The particles 22 may be held within the channel 117 by a perforated
screen 124 at the outlet 119 of the channel and preferably also by
a screen 125 at the inlet end 114 of the channel. The screens 124
and 125 have openings formed therein which are sized to allow fluid
from the reagent supply 111 to pass freely therethrough while
blocking passage of the carrier particles 122 through the openings,
thus holding the particles 122 within the channel without fixing or
attaching the particles to the walls of the channel. The fluid from
the reagent supply flows through the interstices between the
particles 122 so that the flowing fluid is in contact with a large
proportion of the surface area of the particles 122 as the fluid
flows through the conduit. Thus, the total area on which chain
molecules can be formed is many times greater than the interior
surface area of the channel 117, and generally is far greater than
the surface area of the flat substrates conventionally used in DNA
microarrays. The reagent supply 111 may be, for example, a
conventional DNA synthesizer supplied with the requisite
chemicals.
[0090] A plurality of controllable light sources 130 are mounted at
spaced positions along the length of the transparent wall 120 of
the conduit to allow selective illumination of separated sections
of the conduit and of the particles held therein in the separated
sections. Light emitted from the sources 130 may be focused by
lenses 131 before passing through the wall 120 of the conduit to
illuminate separated sections 133 of the particles within the
conduit. Light absorbing or blocking elements 135 may be mounted
between each of the light sources 130 to minimize stray light from
one light source being directed to the region to be illuminated by
an adjacent light source. The light sources 130 may be any
convenient light source, for example, light emitting diodes (LEDs),
which are selectively supplied with power on lines 136 from a
computer controller 137, such that any combination of the light
sources can be turned at a particular point in time. Any other
controllable light source may be utilized, including individual
lamps of any type that can be turned on and off, constantly burning
lamps with mechanical shutters (including movable mirrors as well
as light blocking shutters) or electronic shutters (e.g., liquid
crystal light valves), and fiber optic or other light pipes
transmitting light from single or multiple sources, etc. The
controller 137 is also connected to controllable valves 140 and 141
which are connected to an output line 138 which receives the fluid
from the outlet end 119 of the conduit. The controller 137 can
control the valves 140 and 141 to either discharge the reagents
that have been passed through the conduit onto a waste (collection)

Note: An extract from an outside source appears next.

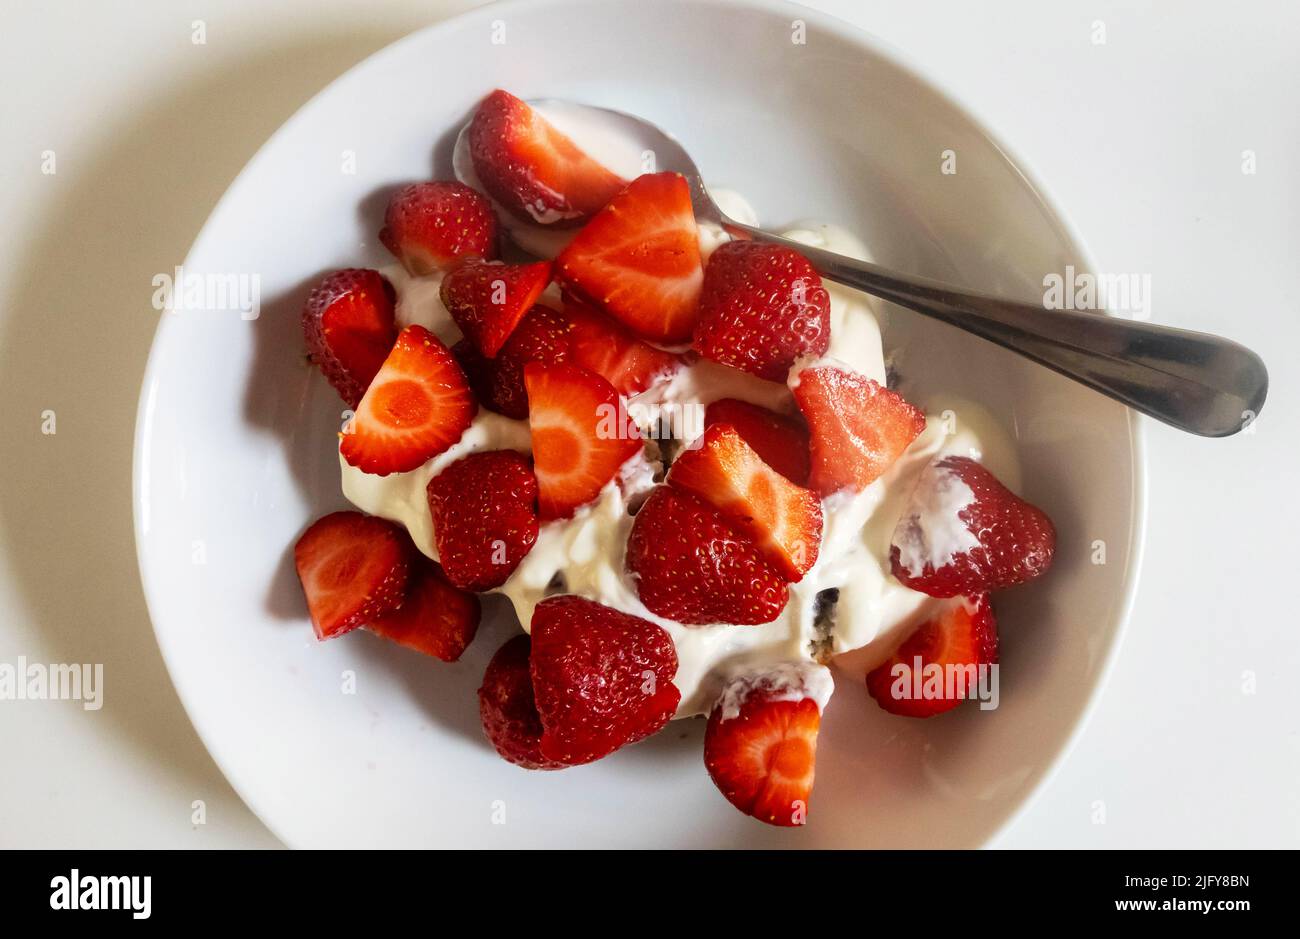 Strawberries and yogurt Stock Photo
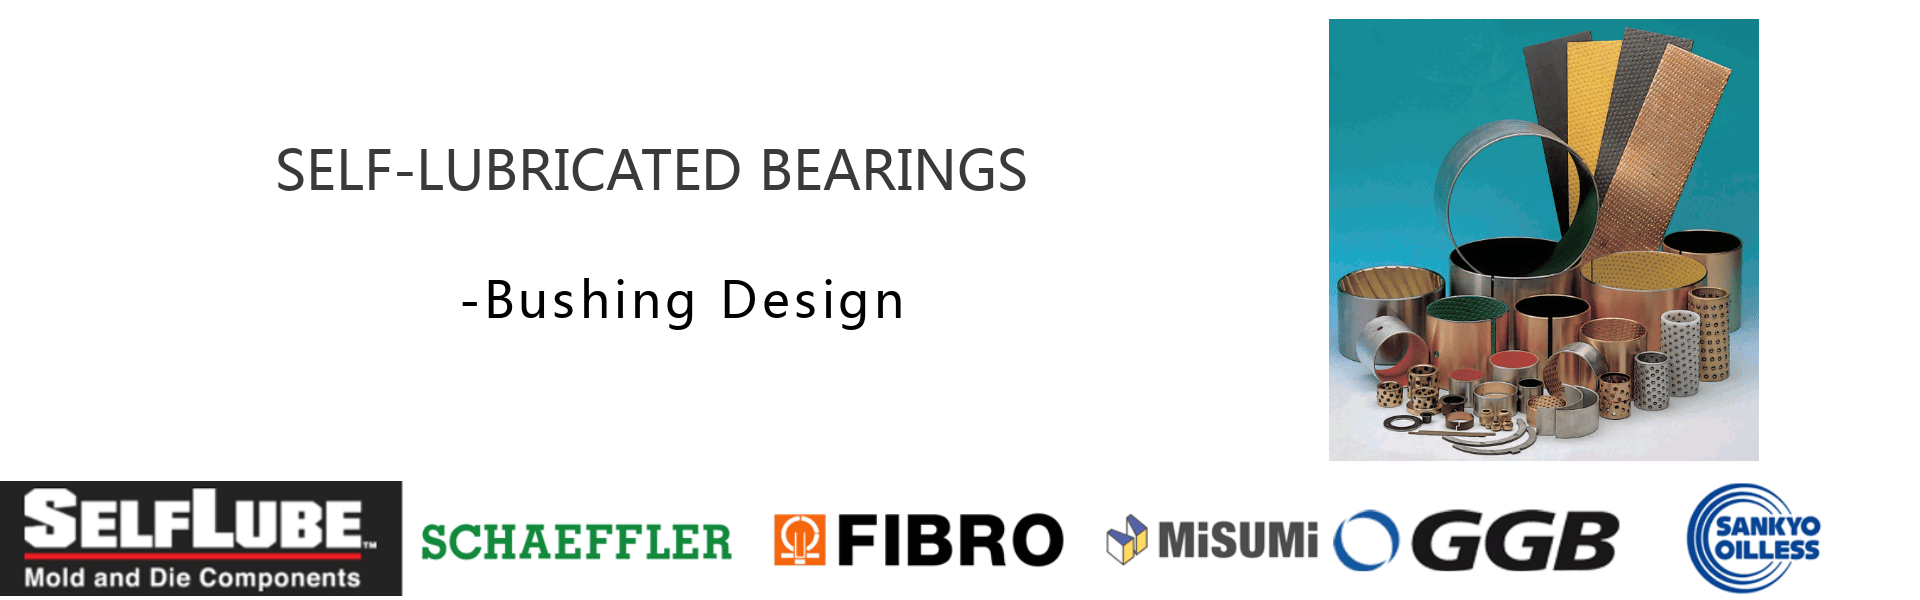 self-lubricated bearing-bushing design

line 143, or to direct oligomers which have been released from the
conduit onto a discharge line 145 which can be directed to further
processing equipment or to readers, etc.
[0091] In operation, the reagent supply initially provides fluid
flowing through the conduit that creates a photodeprotective group
covering the surfaces of the carrier particles 122. The flow of
reagent is then stopped and the controller 137 turns on a selected
combination of the light sources 130 (typically at ultraviolet (UV)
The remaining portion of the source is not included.